Tokumaru estaba en una esquina de la habitación con dos jóvenes de piel tersa que lo ayudaban a anudarse la pajarita.
Mientras tanto, Hashi iba y venía en círculo, con el rostro encendido y haciendo declaraciones ante los periodistas y fotógrafos que le rodeaban.
—Voy a salvar al mundo con mis canciones —decía—. Para eso estoy aquí: para confortar a los afligidos, a los apenados y doloridos que ni siquiera son conscientes de que sufren.
Siempre hacía lo mismo antes de un concierto. Tal como él mismo lo explicaba, necesitaba vaciarse por entero para poder recargarse de nuevo. Y había varias formas de conseguirlo: una, la que había elegido hoy, era soltar un montón de tonterías a los periodistas, provocando un aluvión de preguntas estúpidas.
—A ver si lo he entendido: ¿dice usted que su música no se destina sólo a la juventud japonesa que busca emociones fuertes, sino que puede salvar a las masas hambrientas del mundo?
Hashi seguía dando vueltas por la sala, con los ojos brillantes, rodeado por dos personas del equipo de maquillaje que parecían sus satélites y trataban de fijarle el cabello con claras de huevo.
—¿Eso significa que su música es como una religión? —preguntó otro periodista, al tiempo que dos cámaras de vídeo hacían un zoom en picado para captar un primer plano de los zapatos de charol de Hashi.
Entre bambalinas, se oía a Kitami haciendo escalas en si bemol cada vez más alto.
—Lo que usted dice me suena como a una religión —insistió el periodista—. ¿Es correcto describirlo así?
En ese momento interrumpió la voz de Neva a través del intercomunicador, para anunciar que faltaban cinco minutos.
—Hay cincuenta guardias de seguridad ahí fuera esta noche, así que nada de hacer tonterías ni de soliviantar al público como la última vez —les avisó.
Matsuyama estrelló su copa de champán contra el suelo y se pasó un peine mojado por el cabello brillante.
—¿Una religión? Nada de eso —respondió Hashi a voz en grito—. Más bien es como una explosión en una estación de metro, con los muertos caídos por todas partes y las nalgas de alguien que ha quedado colgado en una valla de publicidad como un melocotón del árbol —Hashi caminaba en círculos cada vez más rápido.

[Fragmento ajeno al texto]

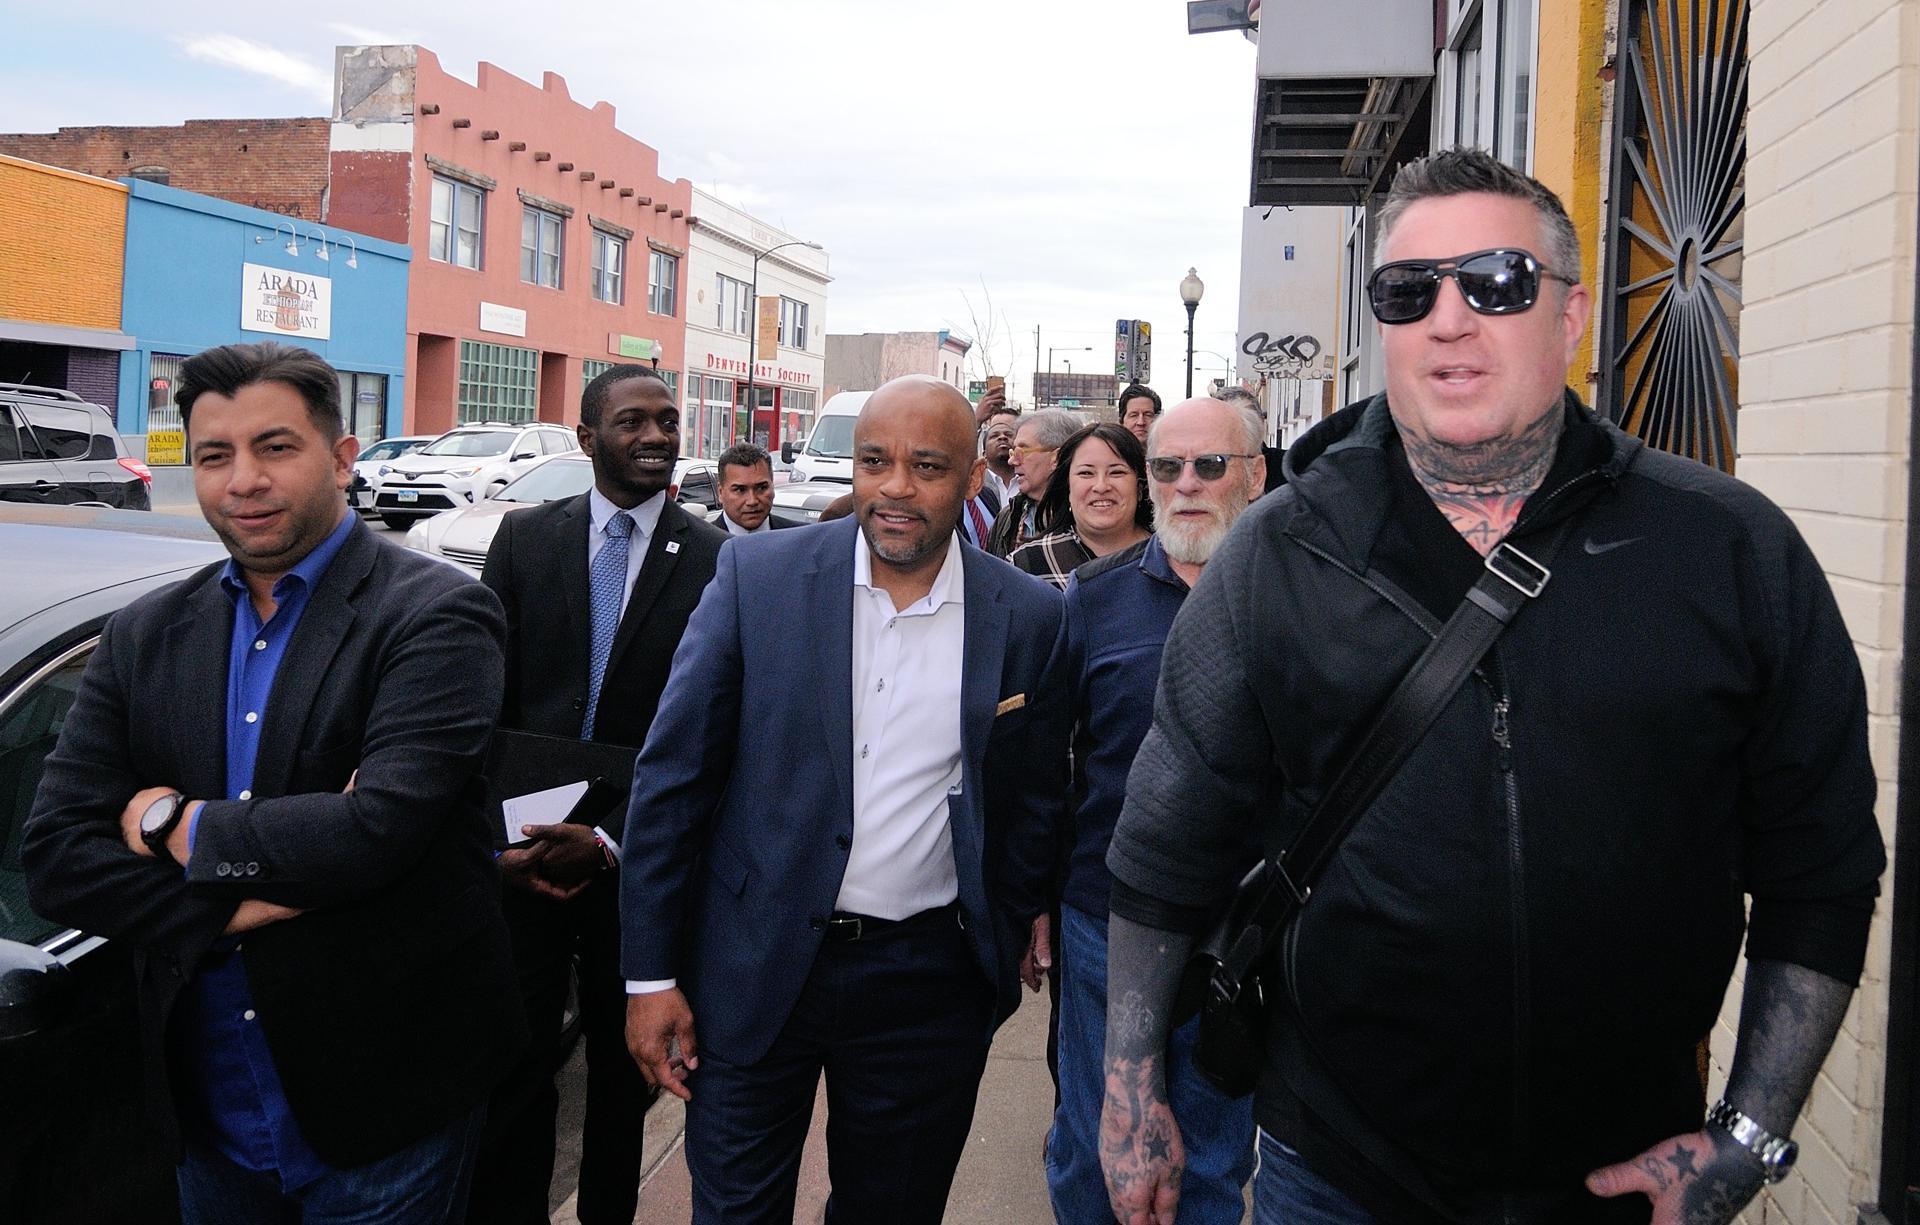 El alcalde de Denver Michael Hancock (c) camina junto al concejal de la ciudad Paul López (izq.) y el dueño de Tribe Tattoo, John Slaughter, durante su visita en Denver, Colorado. Imagen de archivo. EFE/Miguel Castro

—¿Quiere decir que su forma de salvar el mundo constituye un acto de terrorismo? —terció otro reportero, dando unos golpecitos en el hombro de Hashi para atraer su atención cuando ya estaba dándose la vuelta.
—¡No me toque! —vociferó Hashi.
Empujando al periodista para obligarlo a retroceder, se acercó corriendo a Matsuyama, agarró la tarta y la tiró contra el espejo que rodeaba la estancia. Los trozos de glaseado salieron volando justo cuando sonaba el timbre: Neva anunciaba que era el momento de salir.
—¡Allá vamos! —gritó Toru, colocándose un foulard plastificado alrededor del cuello. Kitami se detuvo un segundo para hacer gárgaras con un trago de coca-cola y todos se precipitaron después detrás de Hashi.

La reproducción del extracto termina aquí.